Preamplifiers or preamps are low noise amplifiers (amplifies signal but not noise) that mount to (or close to) an indoor or outdoor antenna to improve a weak signal. Most preamps are 2 piece units, an amplifier mounted close to the antenna, and a power unit inside the home that supplies power to the amplifier through the coax cable. The closer the amplifier unit is to the antenna, the greater the signal improvement. Signal improvement is the preamp gain minus the Noise Figure minus cable loss between the antenna and amplifier unit. The lower the noise figure (NF), the better. Signal improvement can be 15 to 20 dB or more, significant. Some antennas have a built-in preamp to maximize performance.
The power unit uses standard house current (110 Vac), some can also get power from a USB connection. The power unit supplies direct current (DC) power to the amplifier through the coax cable center conductor. There can only be cable between the preamp and the power unit, no splitters/combiners or impedance matchers. Coax ground blocks (for lightning and static protection) and cable connectors can be used if they pass DC power (most do).

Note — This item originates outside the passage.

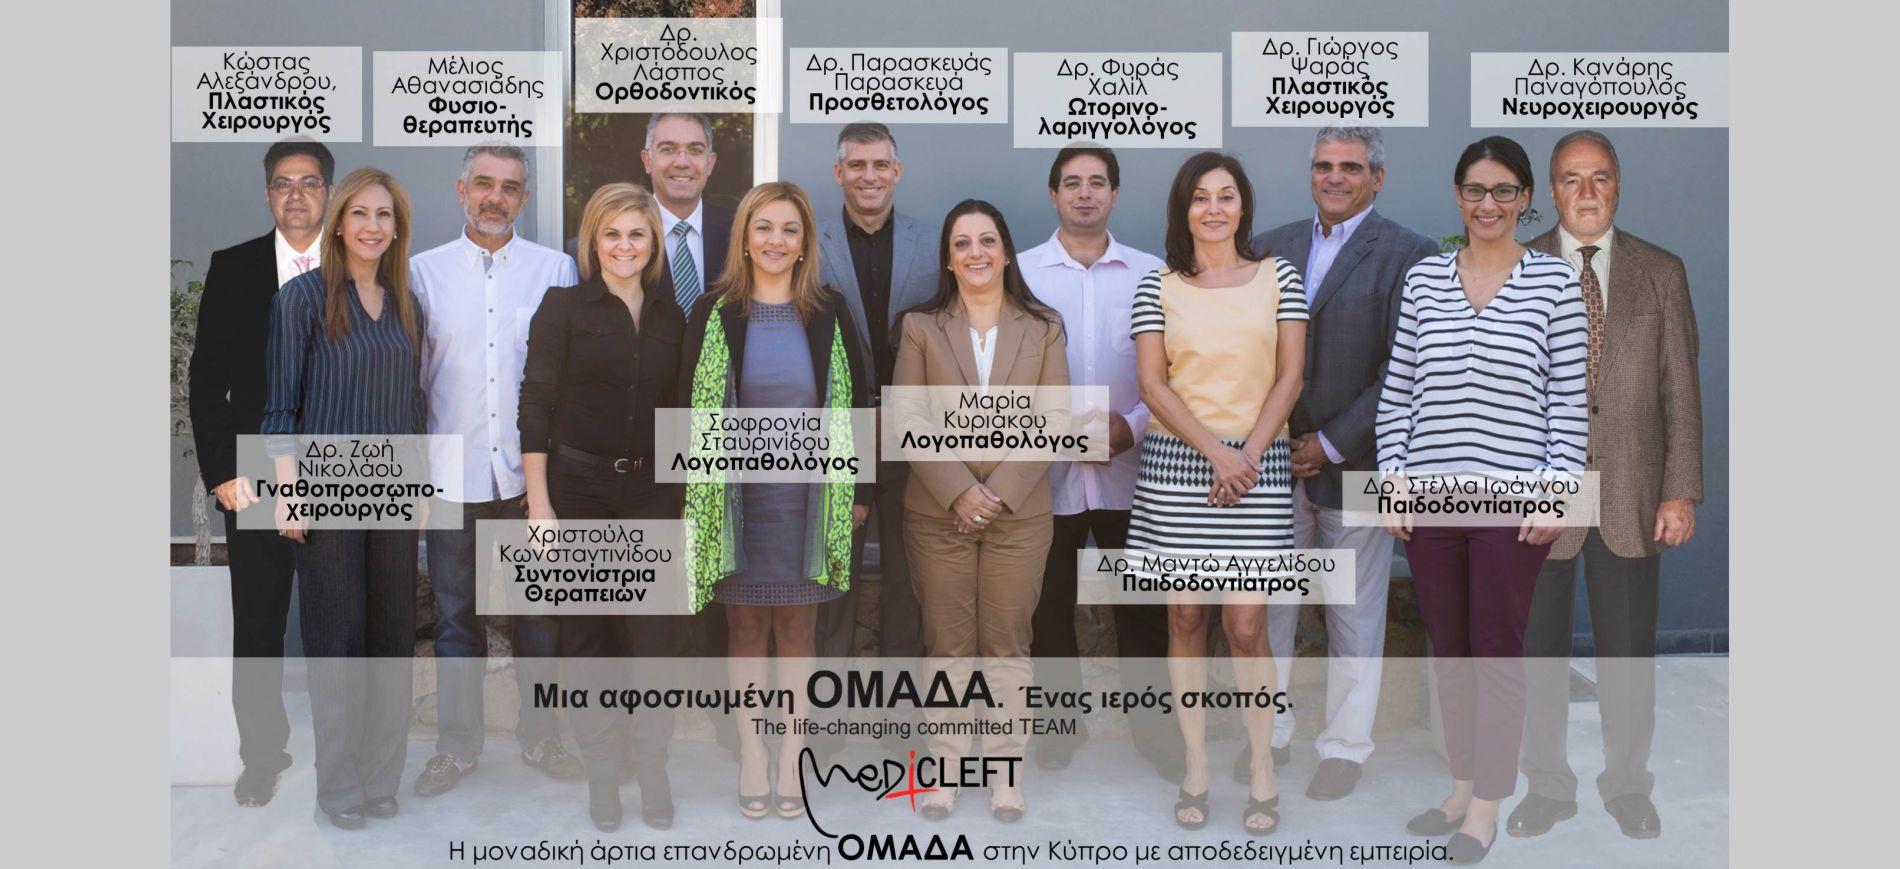 Η μοναδική άρτια οργανωμένη ΟΜΑΔΑ αντιμετώπισης σχιστιών και δυσμορφιών προσώπου στην Κύπρο

Preamps come with either a fixed gain or an adjustable gain, most cover the VHF and UHF bands, some are indoor only, some can be mounted outside. Some preamps have an FM Trap (switch) to filter out the commercial FM radio band which is between RF channels 6 and 7. The filter may be needed if an FM signal is strong enough to overpower the preamp or reduce it's automatic gain control. Some FM traps reduce RF channel 6 reception.
BOOSTER AND DISTRIBUTION AMPLIFIERS
Long cable runs and signal splitters may require installing a booster amplifier or a distribution amplifier. A booster amp has a single high gain output (30+ dB), some are fixed gain, some adjustable. A distribution amp has multiple outputs (built-in splitters), each output has a fixed gain of 3 to 8+ dB. A booster or distribution amp will not improve a weak antenna signal, because it amplifies signal and noise, but it will allow for longer cable runs and device connections. The amplifiers use standard house current (110 Vac).
A signal that is too strong can overwhelm (saturate) a TV receiver, causing signal distortion (cannot decode signal). An attenuator can reduce the signal to an acceptable level. Some attenuators have a fixed reduction, some are adjustable.